• [WHAT TO PRODUCE] Every entry is to be returned as it stands, apart from the pictures.

[Opening DATASET RECORDS section]

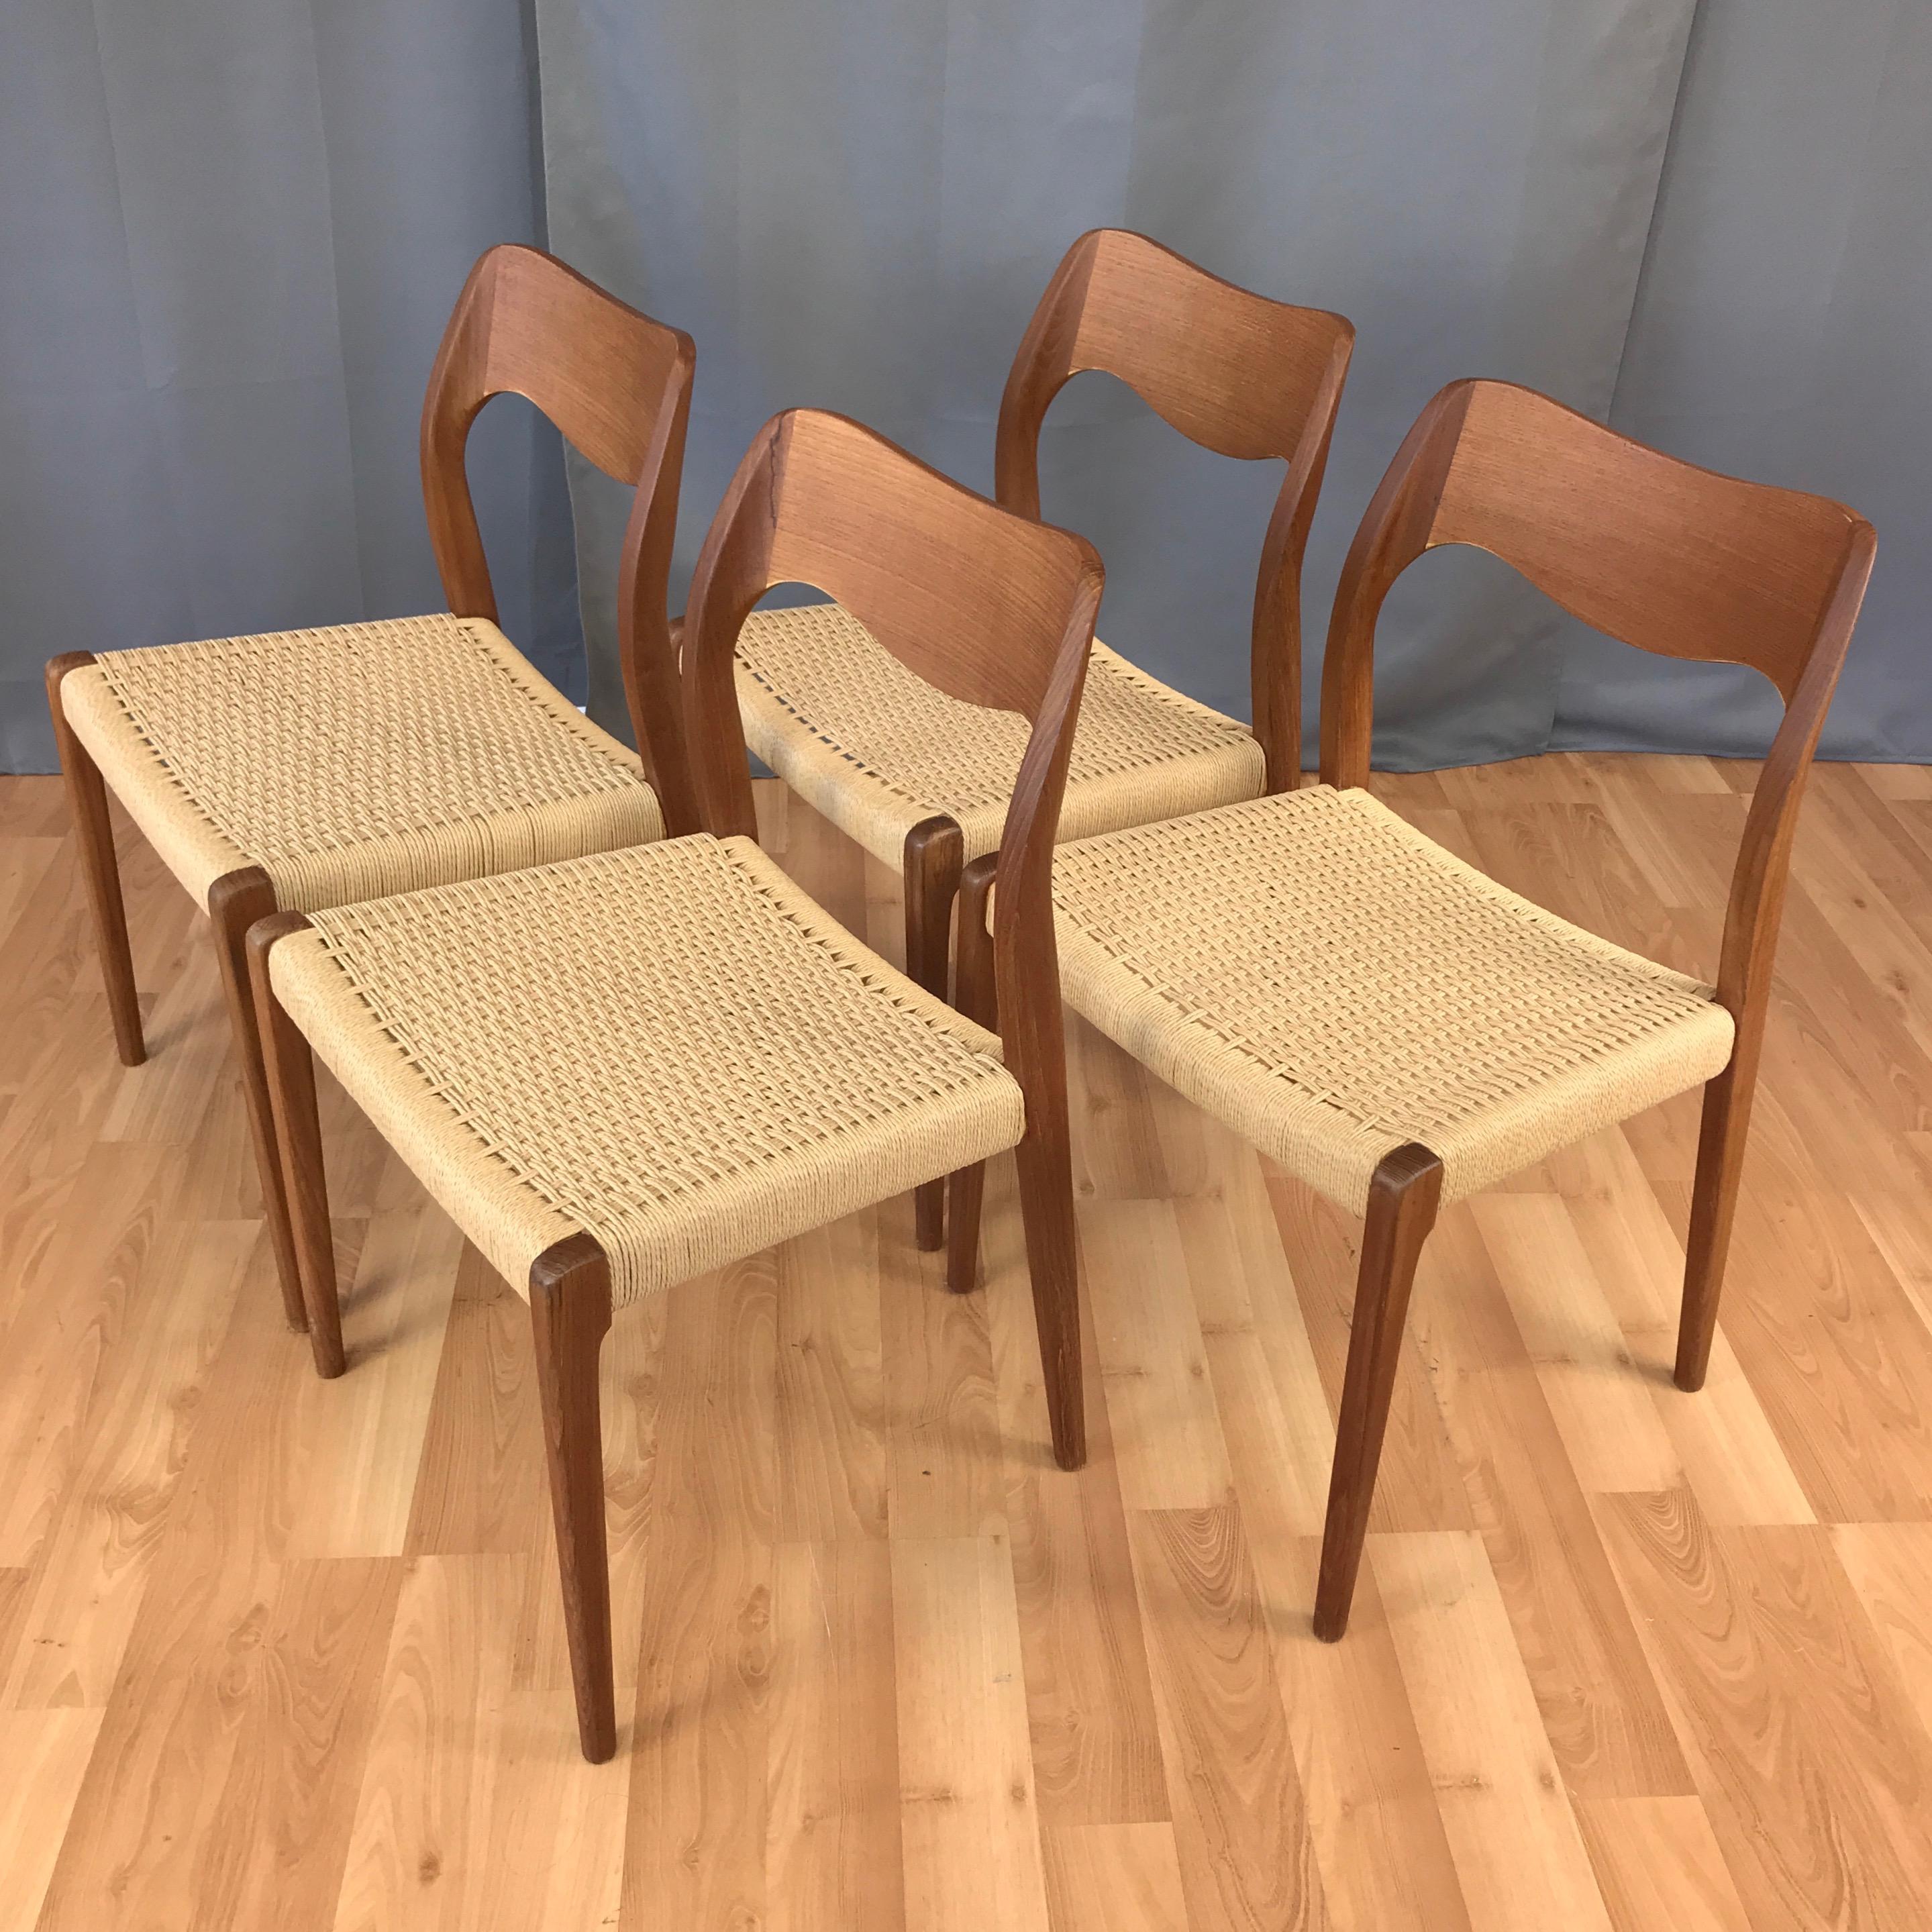 A set of four 1950s model 71 teak dining chairs with papercord seats by Niels Otto Møller for J.L. Møllers Møbelfabrik.

A timeless and essential Danish modern design classic in solid teak with ergonomically sculpted undulating back and new woven
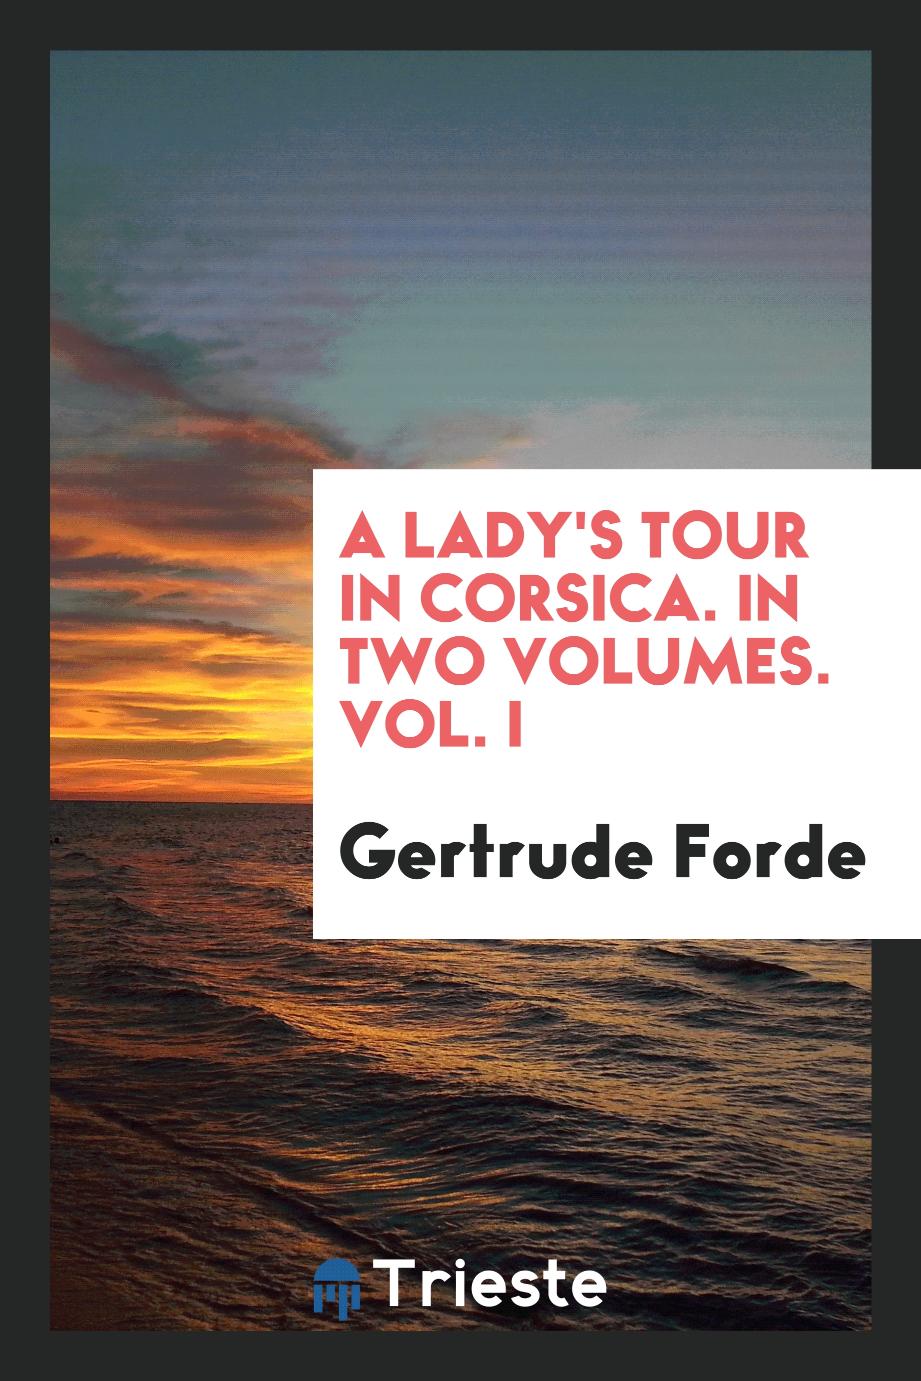 A Lady's Tour in Corsica. In Two Volumes. Vol. I
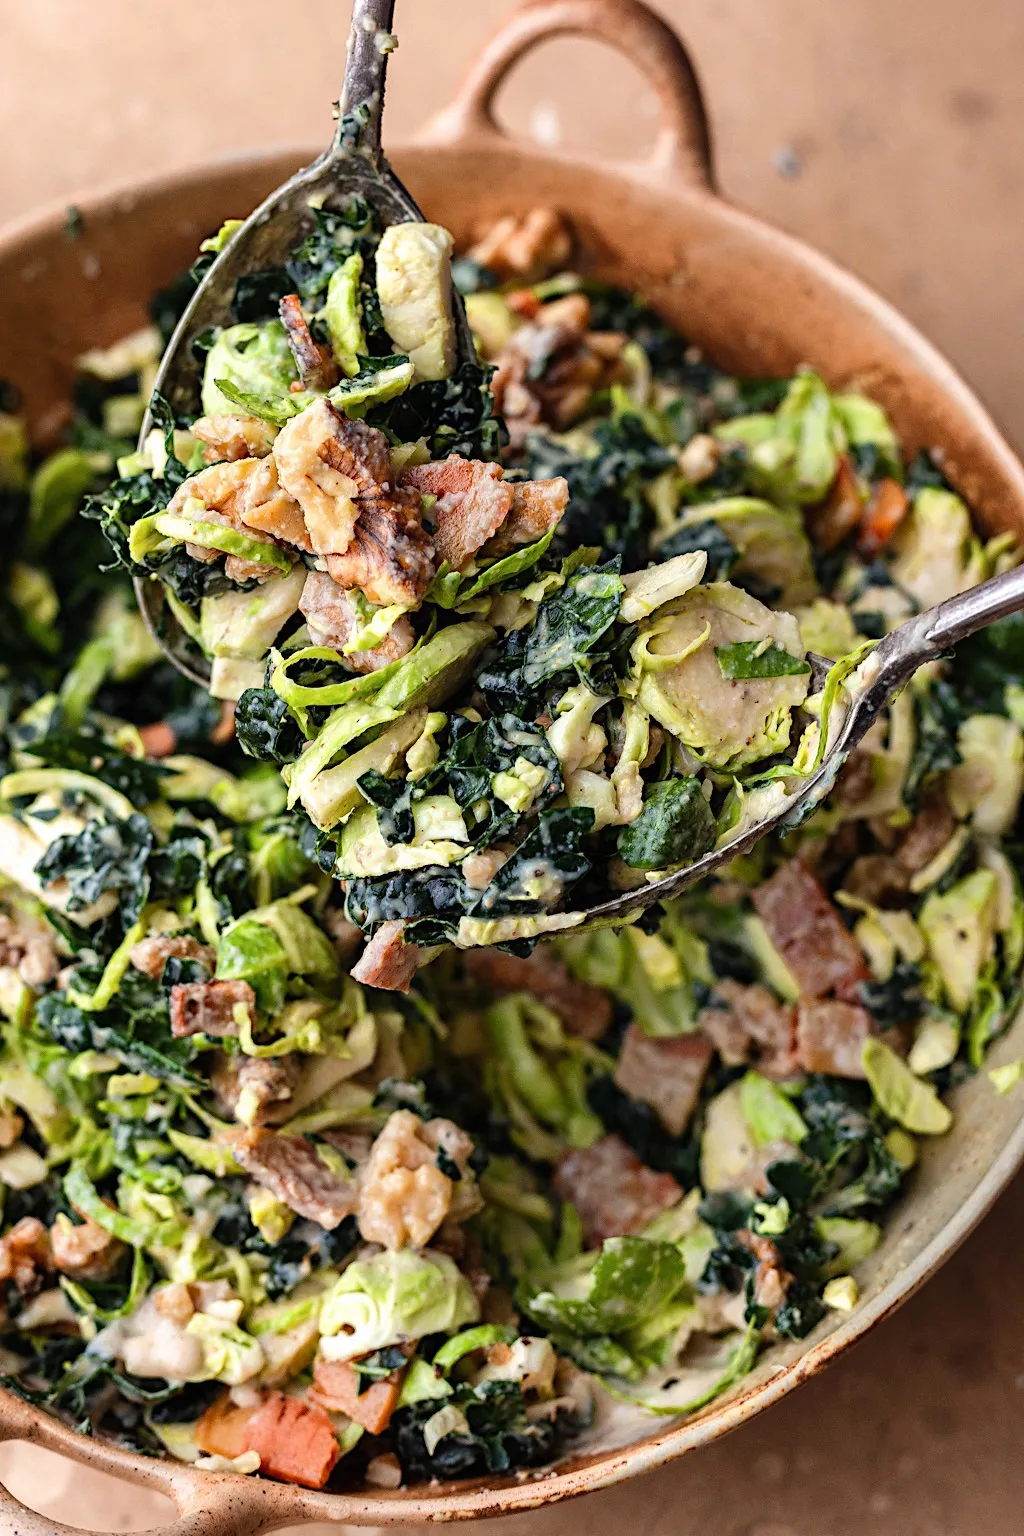 Vegan Shredded Sprouts, Kale, Walnut and Bacon Salad #salad #kale #brusselssprouts #bacon #vegan #dairyfree
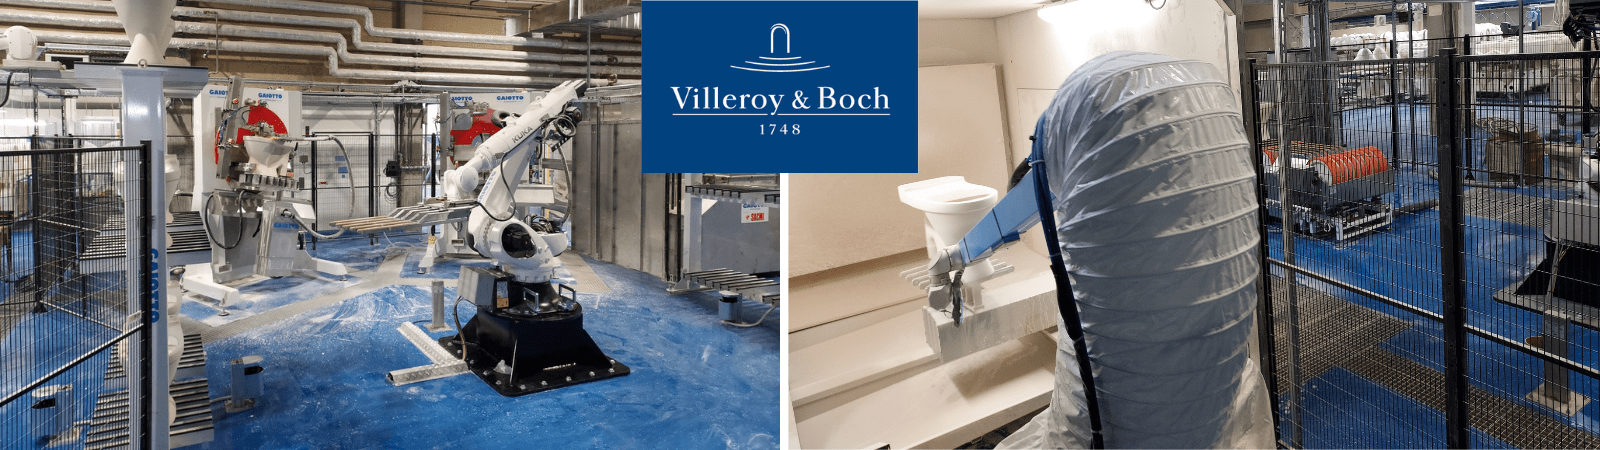 Handling and glazing 4.0 with SACMI for Villeroy & Boch Hungary

[Closing DATASET RECORDS section]

• [SOLVED EXERCISE]
 A set of four 1950s model 71 teak dining chairs with papercord seats by Niels Otto Møller for J.L. Møllers Møbelfabrik.

A timeless and essential Danish modern design classic in solid teak with ergonomically sculpted undulating back and new woven
 A Lady's Tour in Corsica. In Two Volumes. Vol. I
 Vegan Shredded Sprouts, Kale, Walnut and Bacon Salad #salad #kale #brusselssprouts #bacon #vegan #dairyfree
 Handling and glazing 4.0 with SACMI for Villeroy & Boch Hungary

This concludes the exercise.